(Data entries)
--- START ---
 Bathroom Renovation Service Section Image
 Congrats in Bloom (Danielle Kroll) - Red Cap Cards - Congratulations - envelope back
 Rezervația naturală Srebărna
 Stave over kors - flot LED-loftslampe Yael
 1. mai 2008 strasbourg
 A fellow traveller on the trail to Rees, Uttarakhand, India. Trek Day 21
--- END ---
• **What this task involves**
All entries above are to be reproduced exactly.

• **Answer**
 Bathroom Renovation Service Section Image
 Congrats in Bloom (Danielle Kroll) - Red Cap Cards - Congratulations - envelope back
 Rezervația naturală Srebărna
 Stave over kors - flot LED-loftslampe Yael
 1. mai 2008 strasbourg
 A fellow traveller on the trail to Rees, Uttarakhand, India. Trek Day 21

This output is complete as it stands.